You're right, they should be seen by your vet before you let them in your house.
As for the scracht you got from their mother; ferals/strays carry many diseases so I'd say ask your doctor. I don't know if anti-rabies or tetanus(sp) vaccine. If there have been rabies cases recently in your area you'll probably have to have anti-rabies vaccination but not sure. 
Keep us updated how the trapping goes..good luck!


----------



## Soleil (Jan 14, 2005)

Thanks a lot to both of you for your suggestions and I will look at these sites. I guess a HUGE problem for me would be the fact that I live in India. It's not really very cat oriented. Most people go in for dogs. Even the vets here, so many of them are completely unaccustomed to treating small animals. I have a pet cat inside and he really suffers when I take him in for his booster shots every year. They just don't know.
The thing is I've read about feline hiv and how male cats esp could easily pick them up as they wander so much.
I just want to do whatever I can for them. I will try really hard though, inspite of the never ending obstacles that stand in my way.


----------



## Cameocat (Sep 8, 2004)

Soleil, I'm glad to hear you want to help the kittens . I would also suggest that you buy a safe trapping cage. I bought a Have A Heart trapping cage and I was able to catch three orange Tabby brothers who I kept . I also have a cat inside. She is 17 teen years old and all four get along just fine. I started out to catch and keep just one but I could not stand to break up their family. I never did see a mother for them so I really felt I had to get them all. They were about 2 months old when I caught them .Please, when you catch them get them all checked out at your vet before you introduce them to your other cat. If you do buy a trapping cage please don't give up if you do not catch them all right away. Sometimes it takes longer then you would think. I was lucky and caught all of mine in about 2-3 weeks from catching the first one. Good luck and keep us posted!!!! I sure hope you will be as lucky as I was.


----------



## Soleil (Jan 14, 2005)

That's really great that you caught all three at one time...I am envious! Not just because you were able to catch them all but because you could keep them. I'm facing major opposition here esp from my mum who doesn't want her furniture shredded and all that.
But tell me honestly, is 7 months and over too late? My sister keeps saying it is too late and it's impossible at this stage. Can wild cats still be rehabilitated at this age? I noticed all the kittens you caught were two months old at the time.


----------



## Cameocat (Sep 8, 2004)

Soleil, I will tell you that whatever I learned and know now about feral cats I learned from this forum. I know when I had questions everyone was very helpful and I was told that sometimes it is alittle bit harder or I should say sometimes it takes alittle bit longer when they are older. Don't forget 7 months really isn't that old. I would have gladly kept trying for the other kittens even though they are older now ( their about 7 months also ) but when I saw the three kittens without a mother and with the cold weather coming I thought I should help them with a home.
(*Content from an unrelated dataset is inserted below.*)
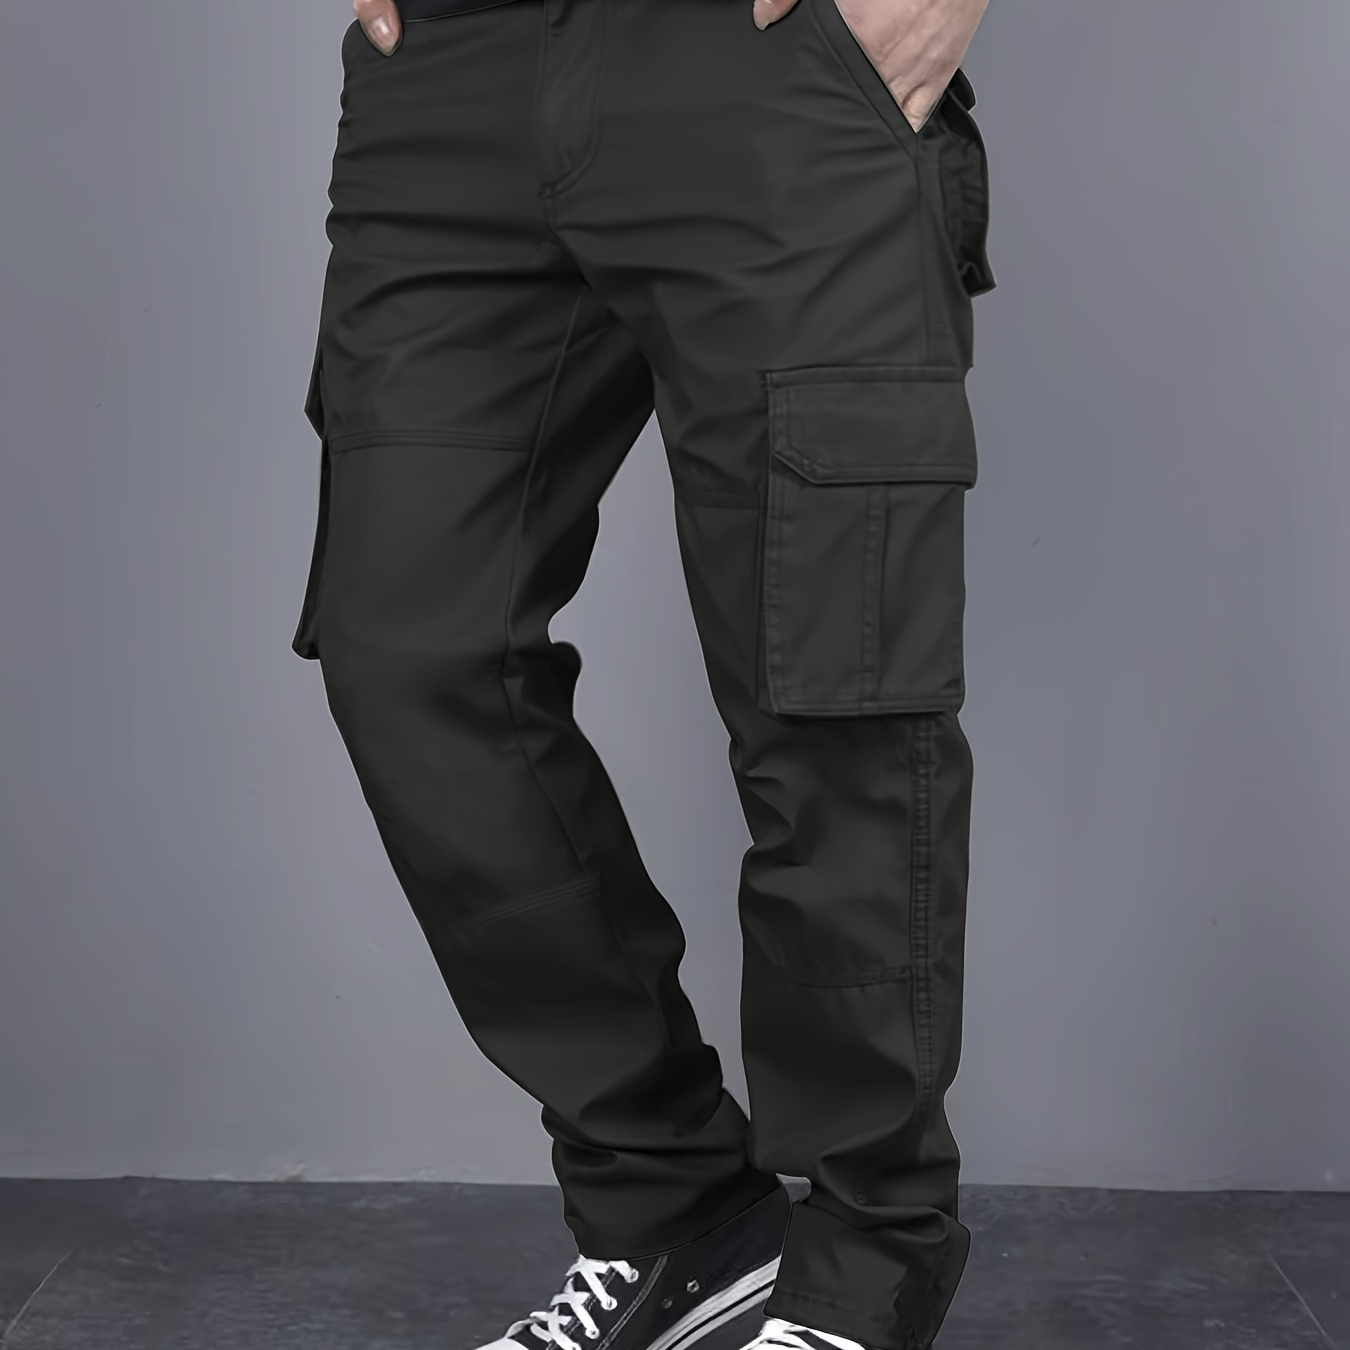 

Men's Loose Solid Cargo Pants With Multi Pockets, Casual Drawstring Trousers For Outdoor

I wish I could keep them all! I was told that you can tame them down . You seem like a very kind hearted and caring person so I am sure you can do it! I wish you all the best! Take care and good luck!


----------



## Cameocat (Sep 8, 2004)

Soleil said:


> Their mother who still comes here every evening for a meal has abandoned them and hisses at them and pounces at them now..but she was an amazing mother while it lasted
> quote]
> 
> I just wanted to mention about the mother cat hissing at her kittens. I also saw that with the mother cat of the kittens that I wanted to get. She was so protective of them and then when they got older and came with her for food she would hiss and paw at them. Someone on the forum told me that they do that to teach them to fend for themselves. I didn't know that then but it does make sense to me now. When they are eating together now she is just fine with them being there when she eats. Its amazing how smart they are! I just wanted to mention that to you in case you were wondering about it the way I was.


----------



## Soleil (Jan 14, 2005)

Thanks for that info Cameocat. Yeah, I did wonder actually...because she was so loving and went out of her way to provide and look after them. One of the kittens especially, a white one whom we call 'Precious' was the most attached to her Mum. The other kittens got the message pretty quick but Precious never would. She would keep going after her and keep getting pounced on or scratched. But I'm glad that she finally has accepted it now.
It's amazing...just how much I've learnt about their habits just by observing them. Cats are just so amazing, everything about them! Cats are magical creatures


----------



## Cameocat (Sep 8, 2004)

Soleil, I'm glad to have helped you. You know the mother cat had three kittens and there was always this one kitten that just kept coming up to her and rubbing her while she ate. She would hiss and growl at him all the time. The other two kittens would always back away. But not Socks (thats what I call him ). And do you know now that their older and she doesn't do that anymore that is the kitten that she always seems to come with. Then the other two usually show up together. I used to get so upset to watch when she did that and now they could not be any closer to each other. I had cats all my life but during the last three years that I have been doing this I find that they amaze me evey day. They are such wonderful animals. They are caring and giving without wanting anything in reurn. I wish more people could be more like our cats. The world would be a better place. Keep me posted! Good luck with the kitties!


----------



## Soleil (Jan 14, 2005)

Here's an update on the three kittens. Well, it's not working out. Yesterday I caught Ginger. Well, not really 'caught' as they let me pick them up if I'm close by...so I picked him up and put him inside a wicker basket. It's airy and huge. But obviously he must have been terrified. I took him into the house and opened the basket to let him out. He didn't come out immediately, he jumped out a few moments later and headed straight for the windows. (Maybe because he could see the sky and lawn there?)
Anyway he started climbing the netlon and the windows are extremely high. Right upto the ceiling. He cried a lot too. Like he was really distressed. Not his normal meow. 
Anyway, he went right up and wouldn't come down or didn't know how to. I got him down somehow and put him out again.
I hope I haven't caused any damage...he seems himself...I mean, he doesn't run away from me after that.
Well, I don't know...maybe I have left it too late...maybe they can't be rehabilitated...they're too wild.....maybe they can never be inside cats.
I got into real trouble over the torn netlon and blamed it on our cat


----------



## Celeste_Eden (Jan 18, 2005)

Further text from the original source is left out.